» What this task involves
Quote the listing below in its entirety, omitting every image.

» Material provided
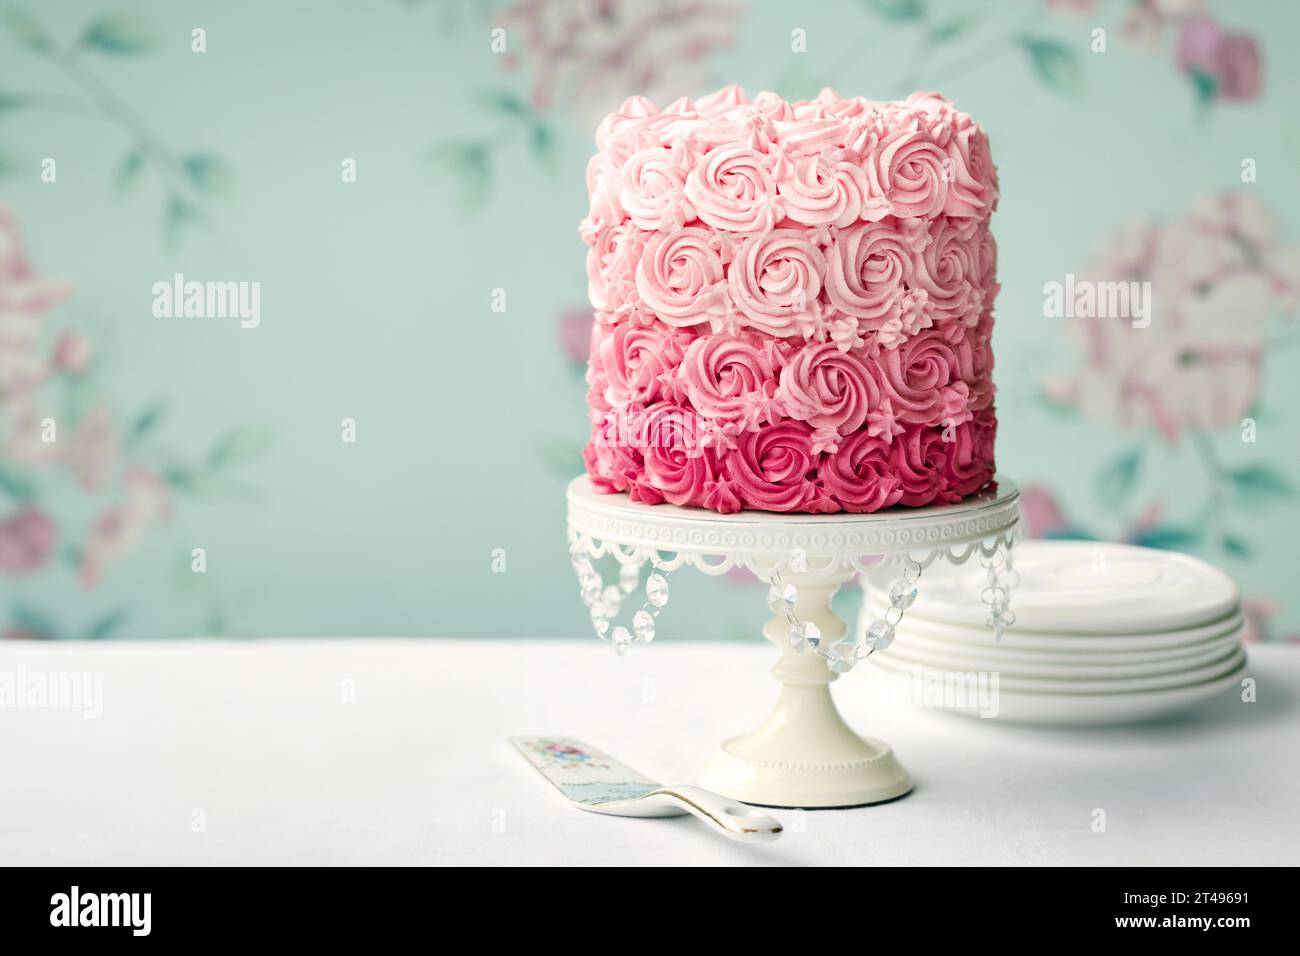 Ombre-Kuchen mit Paspelrosen in rosa Tönen Stockfoto
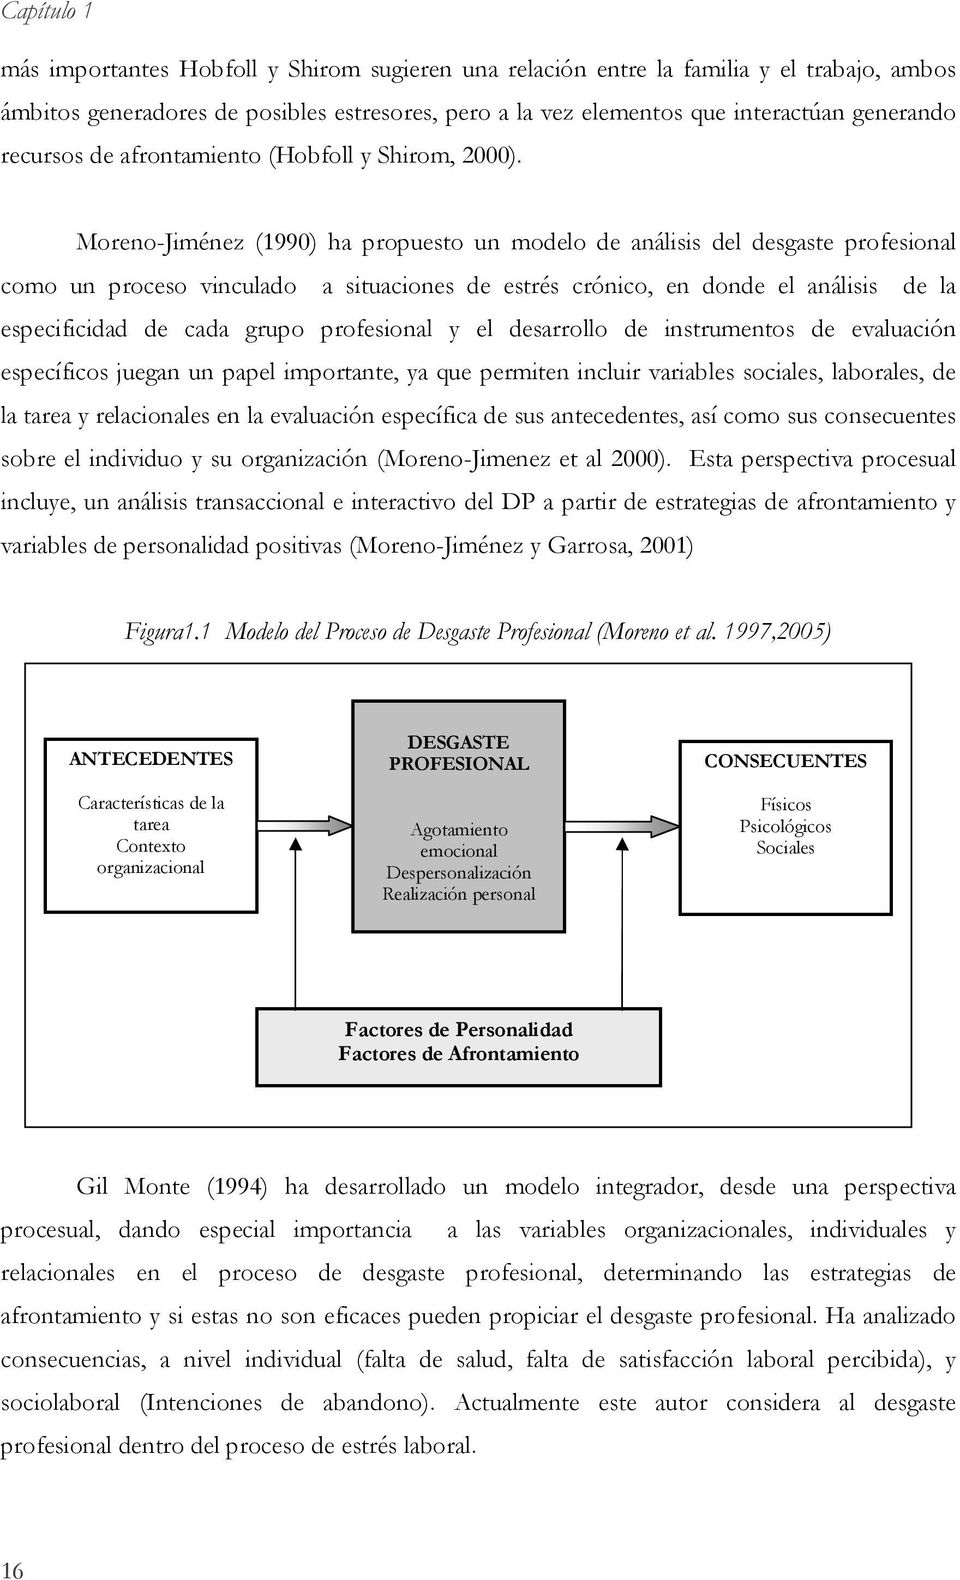 Moreno-Jiménez (1990) ha propuesto un modelo de análisis del desgaste profesional como un proceso vinculado a situaciones de estrés crónico, en donde el análisis de la especificidad de cada grupo
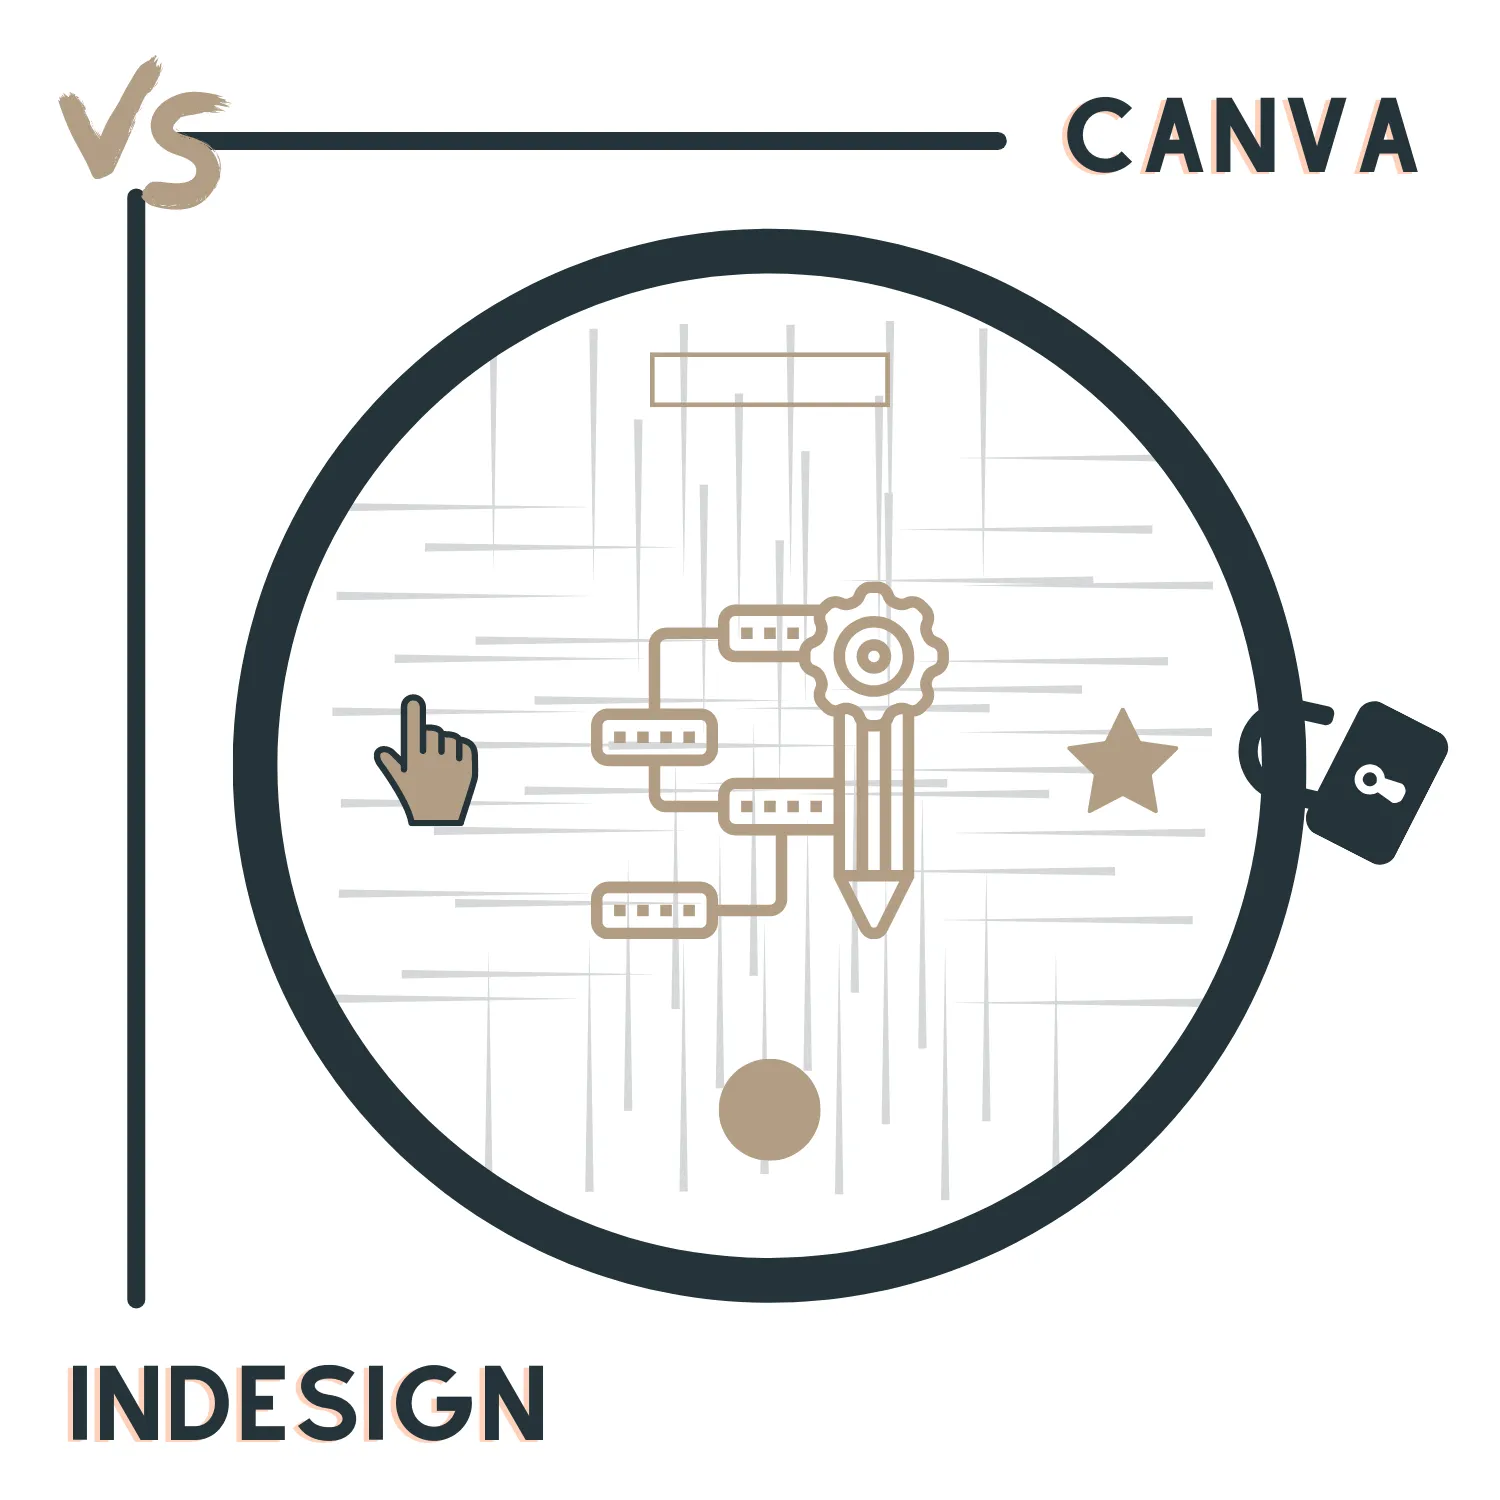 Canva vs Adobe InDesign

» Answer to this problem
 Ombre-Kuchen mit Paspelrosen in rosa Tönen Stockfoto
 Moreno-Jiménez (1990) ha propuesto un modelo de análisis del desgaste profesional como un proceso vinculado a situaciones de estrés crónico, en donde el análisis de la especificidad de cada grupo
 Canva vs Adobe InDesign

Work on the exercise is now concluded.